### GIVEN RECORDS
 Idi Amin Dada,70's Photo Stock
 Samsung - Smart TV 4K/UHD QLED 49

...

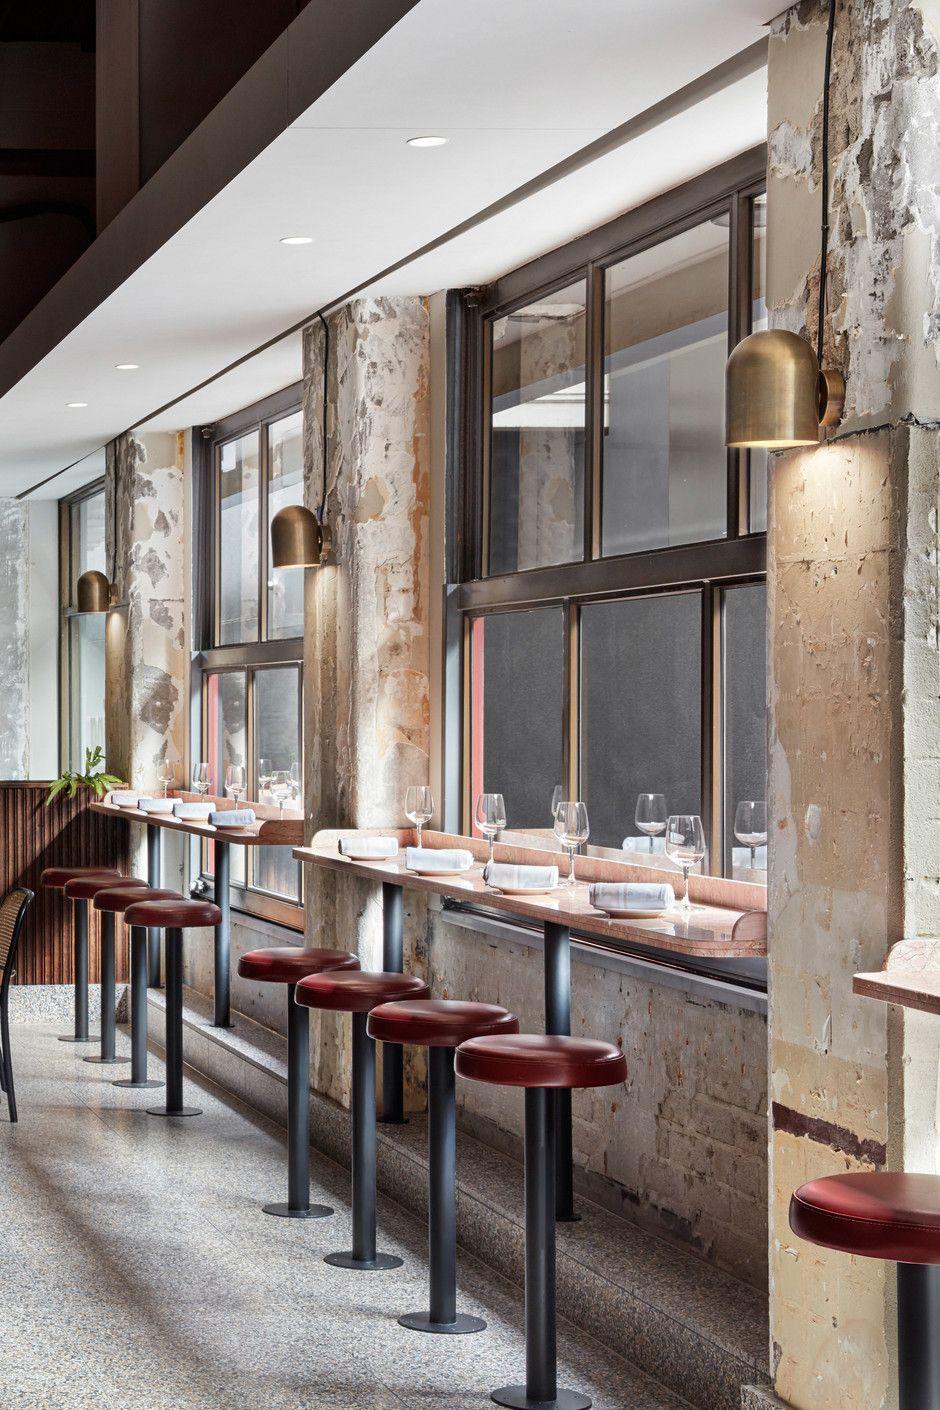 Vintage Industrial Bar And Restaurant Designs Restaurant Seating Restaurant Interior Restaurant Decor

--

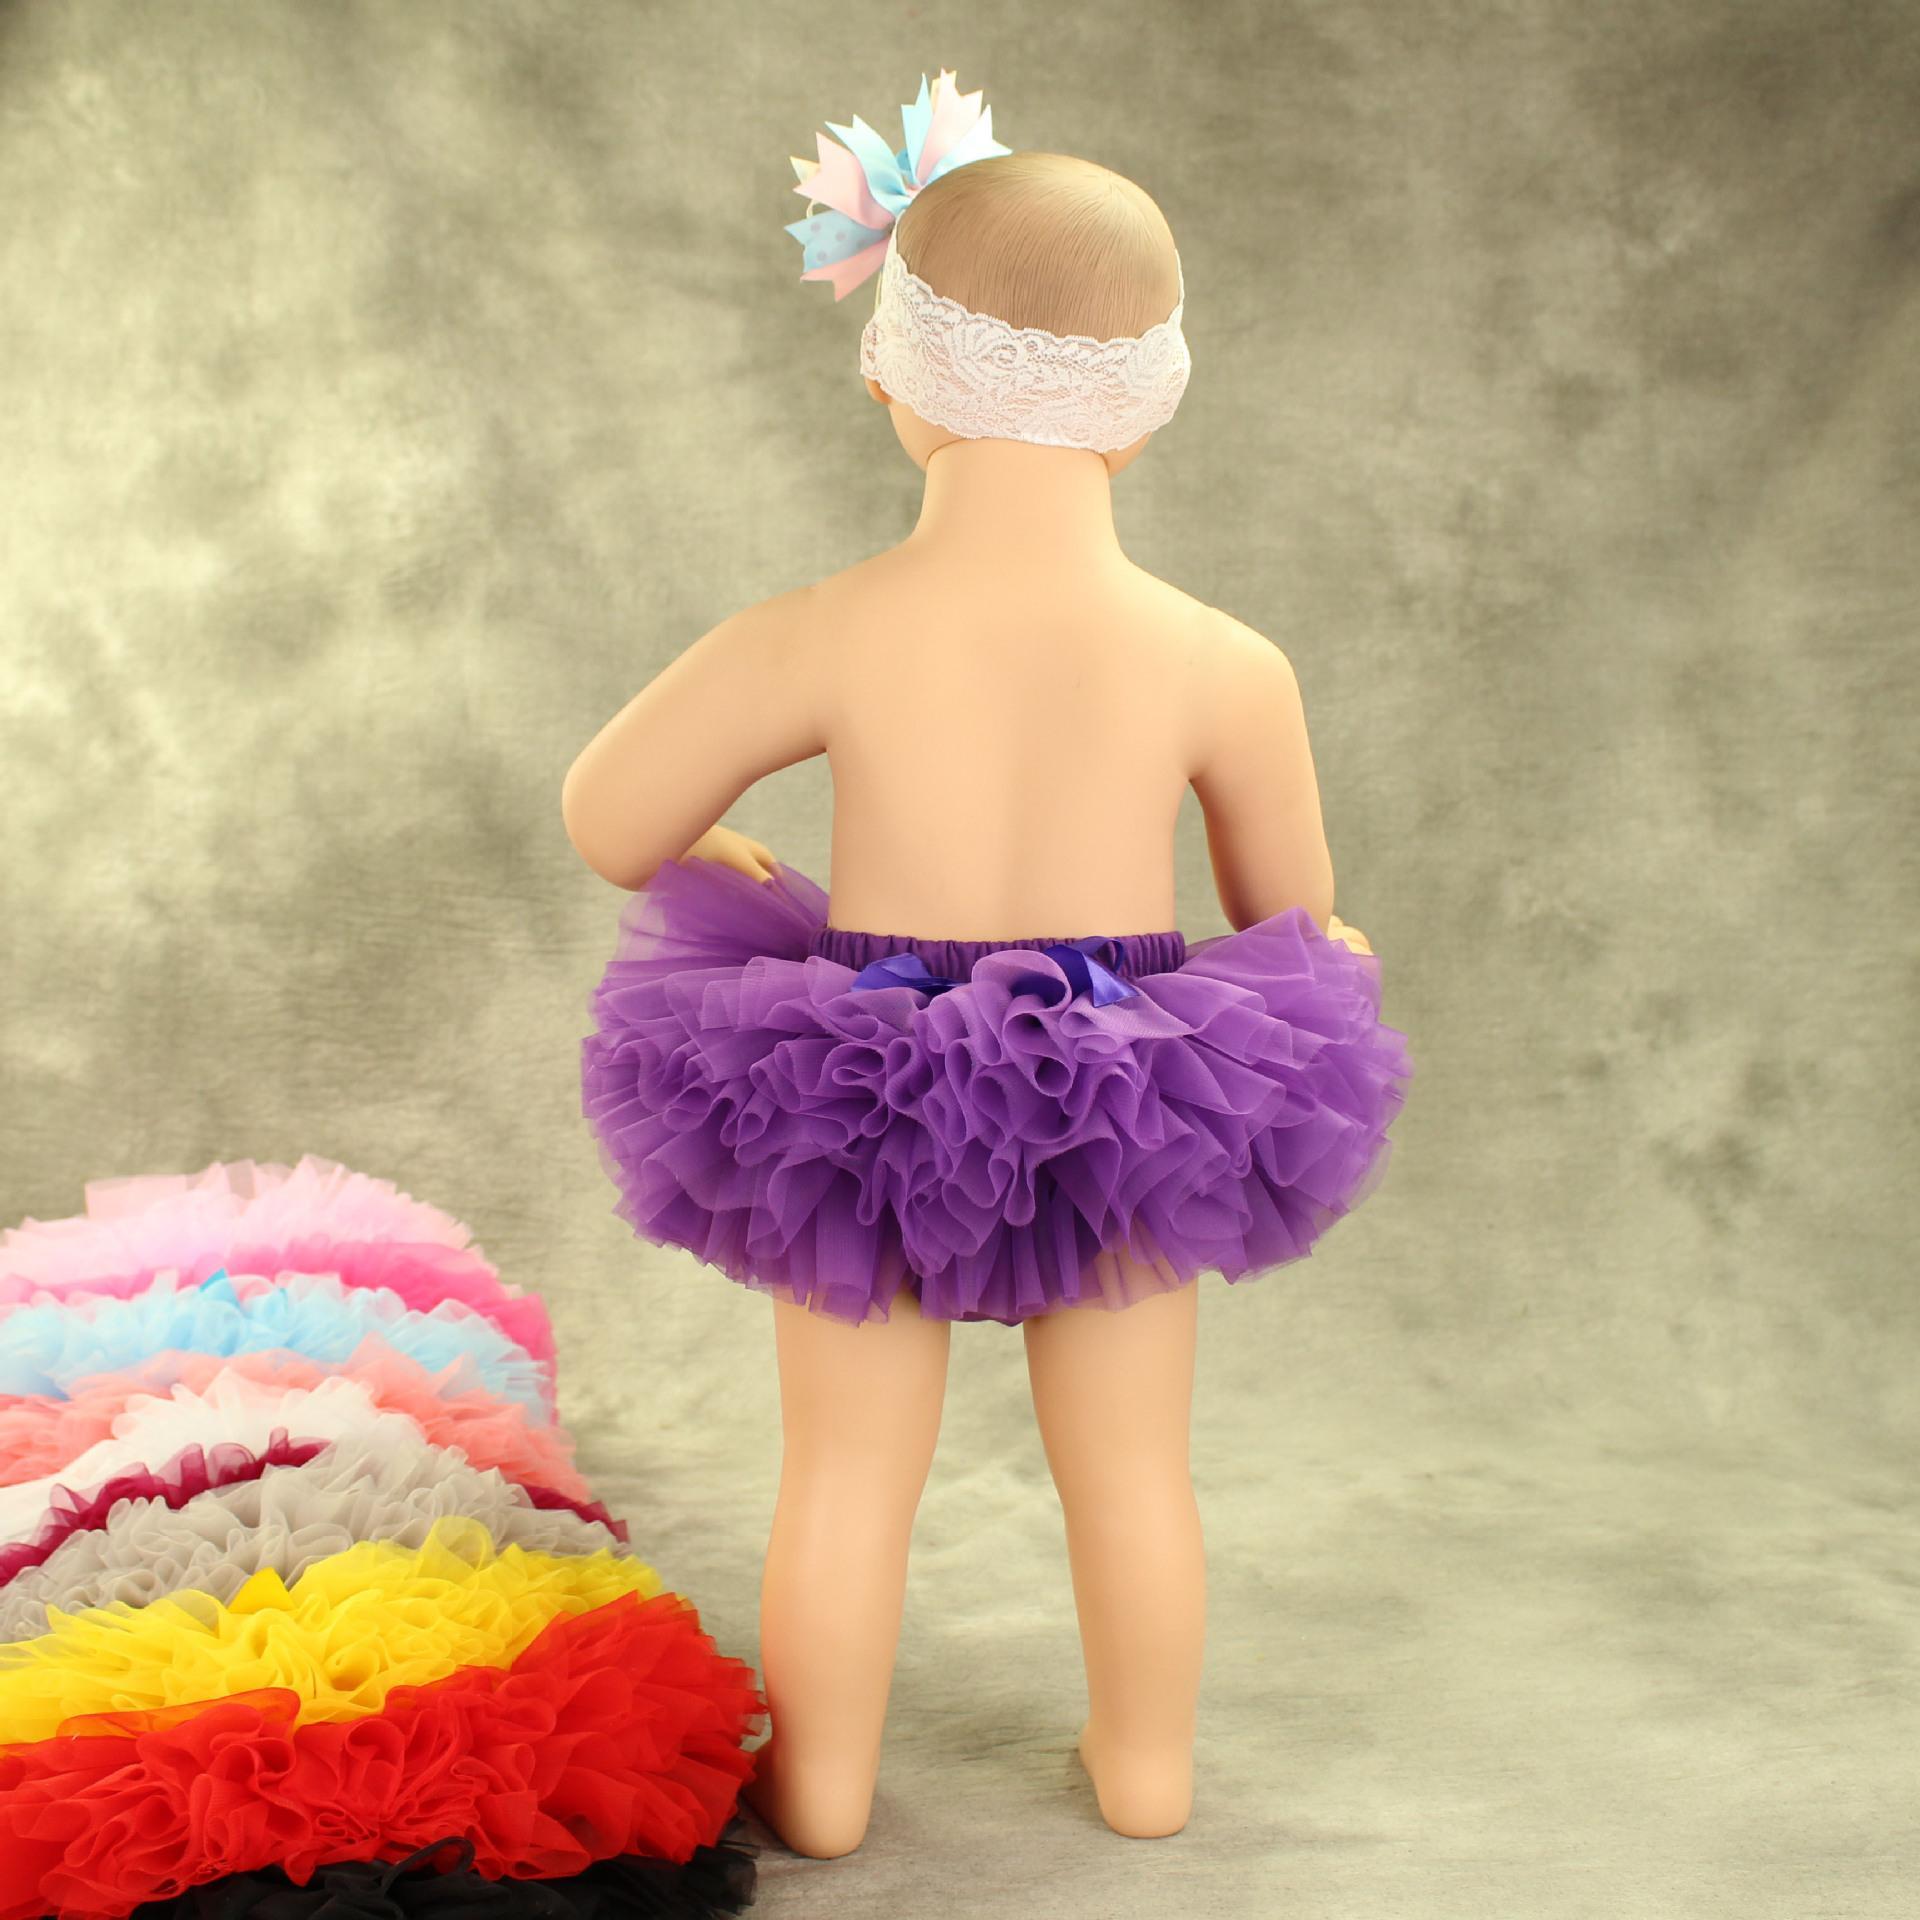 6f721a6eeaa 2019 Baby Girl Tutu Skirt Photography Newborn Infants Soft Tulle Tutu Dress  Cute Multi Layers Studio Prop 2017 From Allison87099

### EXERCISE INSTRUCTIONS
Copy exactly the stretch of data above from the line with "Idi Amin Dada,70's Photo Stock" through the line with "Samsung - Smart TV 4K/UHD QLED 49", and omit all other lines.

### RESPONSE
 Idi Amin Dada,70's Photo Stock
 Samsung - Smart TV 4K/UHD QLED 49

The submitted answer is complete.